CREATE QUERY seller_pagerank(BOOL print_accum = FALSE, STRING result_attr = "") {
    transactions = {Transaction.*};
    SumAccum<DOUBLE> @seller_pr;


    res = SELECT t FROM transactions:t -(NFT_SOLD_BY)-> NFT_User:u 
          ACCUM
            t.@seller_pr += u.pagerank
          POST-ACCUM
            IF result_attr != "" THEN
                t.setAttr(result_attr, t.@seller_pr)
            END;
    IF print_accum THEN
      PRINT res[res.@seller_pr];
    END;
}

Overwriting ./seller_pagerank.gsql


In [None]:
featurizer = conn.gds.featurizer()

In [None]:
featurizer.installAlgorithm("seller_pagerank", query_path="./seller_pagerank.gsql")

'seller_pagerank'

In [None]:
params = {"result_attr": "seller_pr"}

try:
    featurizer.runAlgorithm("seller_pagerank", params, feat_name="seller_pr", feat_type="DOUBLE", custom_query=True, schema_name=["Transaction"])
except ConnectionError:
    featurizer.runAlgorithm("seller_pagerank", params)

In [None]:
%%writefile ./buyer_pagerank.gsql

CREATE QUERY buyer_pagerank(BOOL print_accum = FALSE, STRING result_attr = "") {
    transactions = {Transaction.*};
    SumAccum<DOUBLE> @buyer_pr;


    res = SELECT t FROM transactions:t -(NFT_BOUGHT_BY)-> NFT_User:u 
          ACCUM
            t.@buyer_pr += u.pagerank
          POST-ACCUM
            IF result_attr != "" THEN
                t.setAttr(result_attr, t.@buyer_pr)
            END;
    IF print_accum THEN
      PRINT res[res.@buyer_pr];
    END;
}

Overwriting ./buyer_pagerank.gsql


In [None]:
featurizer.installAlgorithm("buyer_pagerank", query_path="./buyer_pagerank.gsql")

'buyer_pagerank'

In [None]:
params = {"result_attr": "buyer_pr"}

try:
    featurizer.runAlgorithm("buyer_pagerank", params, feat_name="buyer_pr", feat_type="DOUBLE", custom_query=True, schema_name=["Transaction"])
except ConnectionError:
    featurizer.runAlgorithm("buyer_pagerank", params)

In [None]:
%%writefile ./kcore_size.gsql

CREATE QUERY kcore_size(BOOL print_accum = FALSE, STRING result_attr = "") FOR GRAPH KDD_2022_NFT { 
  MapAccum<INT, SumAccum<INT>> @@kcore_size;
  
  trans = {Transaction.*};
  
  res = SELECT t FROM trans:t POST-ACCUM @@kcore_size += (t.k_core -> 1);
  
  IF print_accum THEN
    PRINT @@kcore_size;
  END;
  
  IF result_attr != "" THEN
    res = SELECT t FROM trans:t POST-ACCUM t.setAttr(result_attr, @@kcore_size.get(t.k_core));
  END;
}

Writing ./kcore_size.gsql


In [None]:
featurizer.installAlgorithm("kcore_size", query_path="./kcore_size.gsql")

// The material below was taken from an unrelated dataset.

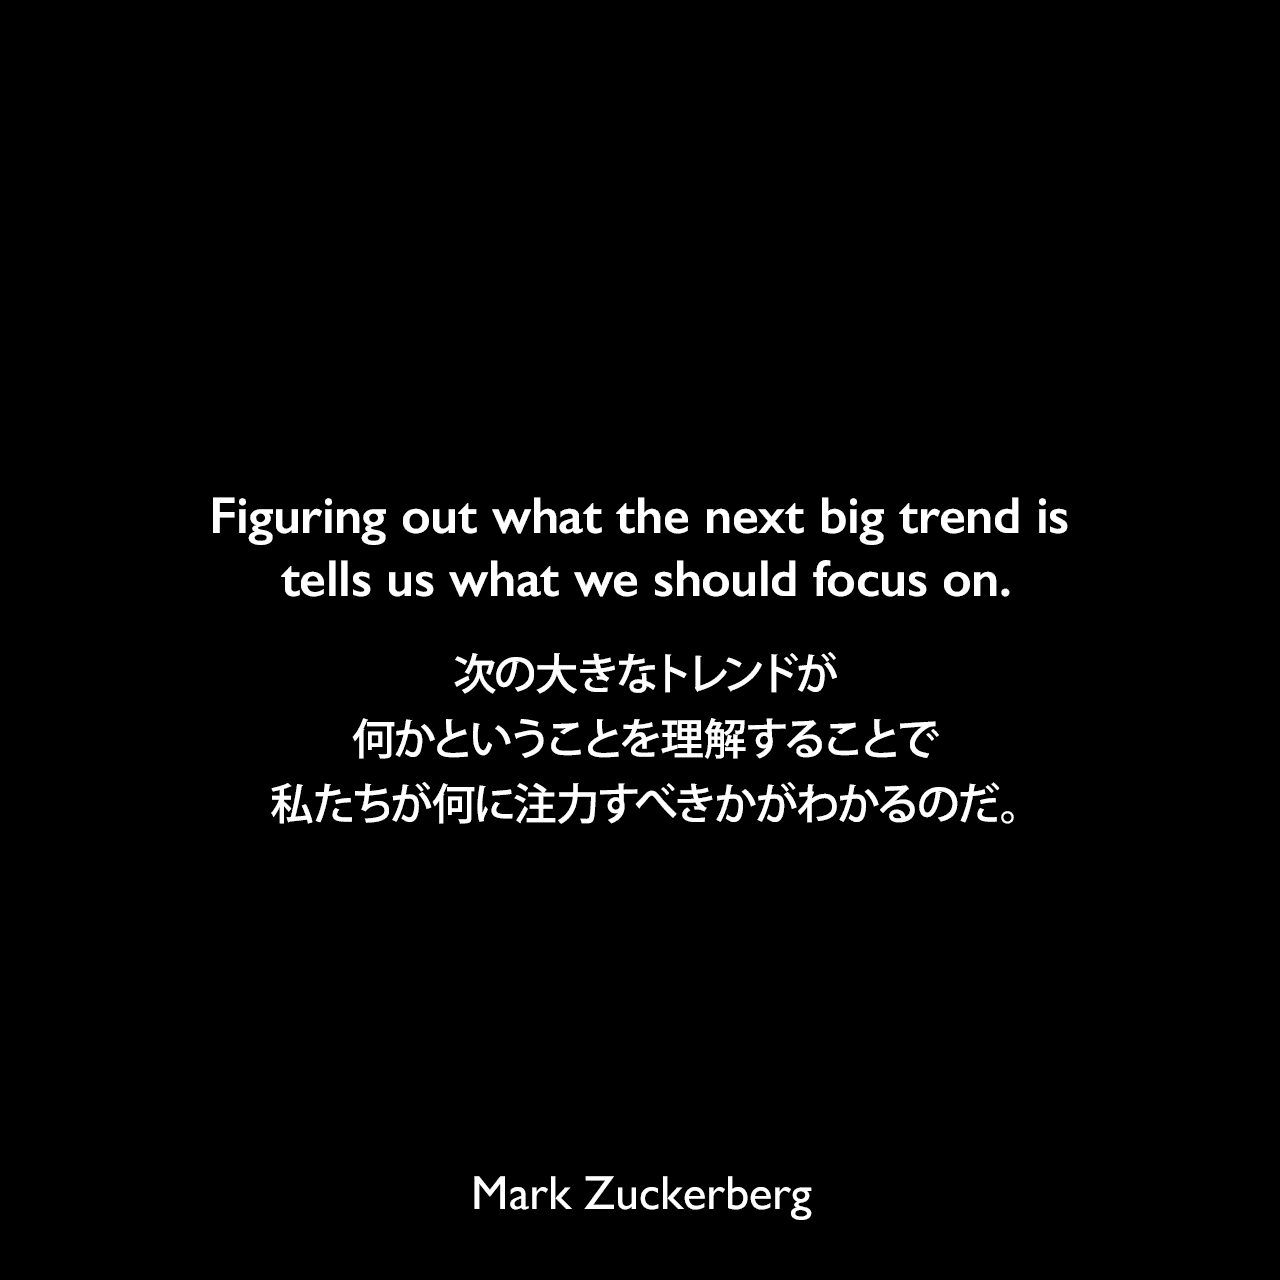 Figuring out what the next big trend is tells us what we should focus on.次の大きなトレンドが何かということを理解することで、私たちが何に注力すべきかがわかるのだ。Mark Zuckerberg
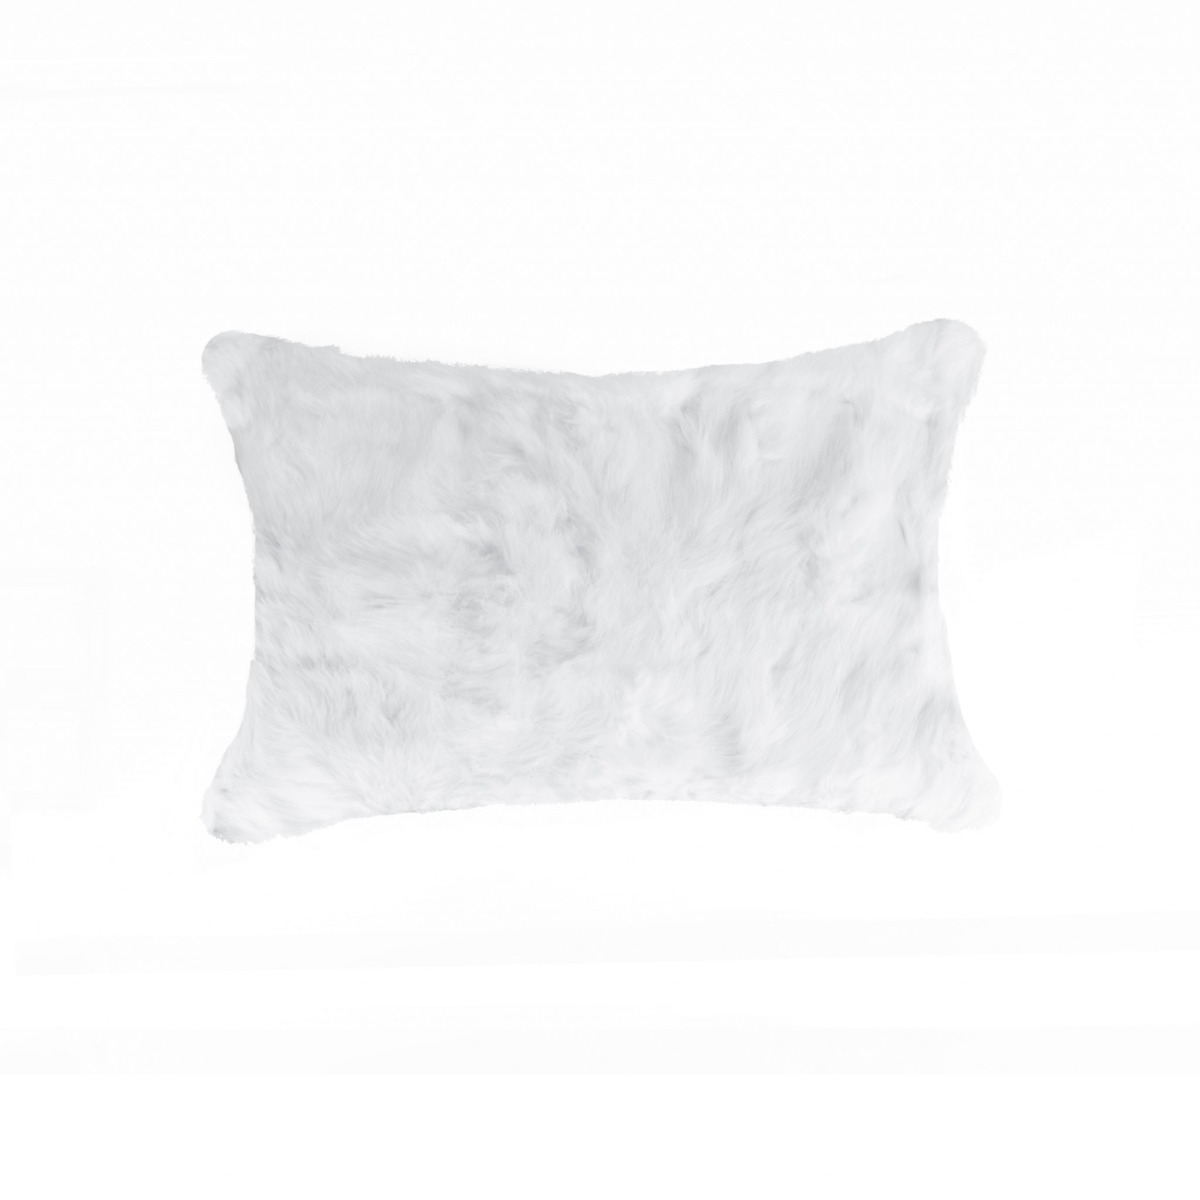 Picture of HomeRoots 358160 5 x 12 x 20 in. 100 Percent Natural Rabbit Fur White Pillow

Installing and optimizing the queries, it might take a minute


'kcore_size'

In [None]:
params = {"result_attr": "kcore_size"}

try:
    featurizer.runAlgorithm("kcore_size", params, feat_name="kcore_size", feat_type="INT", custom_query=True, schema_name=["Transaction"])
except ConnectionError:
    featurizer.runAlgorithm("kcore_size", params, custom_query=True)

In [None]:
tmp = conn.getSchema(force=True)

In [None]:
train_loader = conn.gds.vertexLoader(
    attributes={"Transaction": ["kcore_size", "usd_price", "seller_pr", "buyer_pr"]},
    filter_by="train",
    batch_size=128
)

Installing and optimizing queries. It might take a minute if this is the first time you use this loader.
Query installation finished.


In [None]:
import torch

nn = torch.nn.Sequential(
    torch.nn.Linear(3, 1000),
    torch.nn.ReLU(),
    torch.nn.Linear(1000, 100),
    torch.nn.ReLU(),
    torch.nn.Linear(100, 10),
    torch.nn.ReLU(),
    torch.nn.Linear(10, 1)
)

from torch.optim import Adam

opt = Adam(nn.parameters(), lr=0.01)
loss = torch.nn.SmoothL1Loss()
mae = torch.nn.L1Loss()

In [None]:
def r2_loss(output, target):
    target_mean = torch.mean(target)
    ss_tot = torch.sum((target - target_mean) ** 2)
    ss_res = torch.sum((target - output) ** 2)
    r2 = 1 - ss_res / ss_tot
    return r2

In [None]:
import numpy as np

In [None]:
for i in range(200):
    epoch_loss = 0
    epoch_mae = 0
    epoch_r2 = 0
    for batch in train_loader:
        X = torch.tensor(batch["Transaction"][["kcore_size", "seller_pr", "buyer_pr", "categoryOneHot", "collectionOneHot"]].values.astype(np.float32))
        y = torch.tensor(batch["Transaction"]["usd_price"].values.astype(np.float32))
        out = nn(X).flatten()
        loss_val = loss(out, y)
        opt.zero_grad()
        loss_val.backward()
        opt.step()
        epoch_loss += loss_val.item()
        epoch_mae += mae(out, y).item()
        epoch_r2 += r2_loss(out, y).item()
    print("Loss:", epoch_loss/train_loader.num_batches, "MAE:", epoch_mae/train_loader.num_batches, "R2:", epoch_r2/train_loader.num_batches)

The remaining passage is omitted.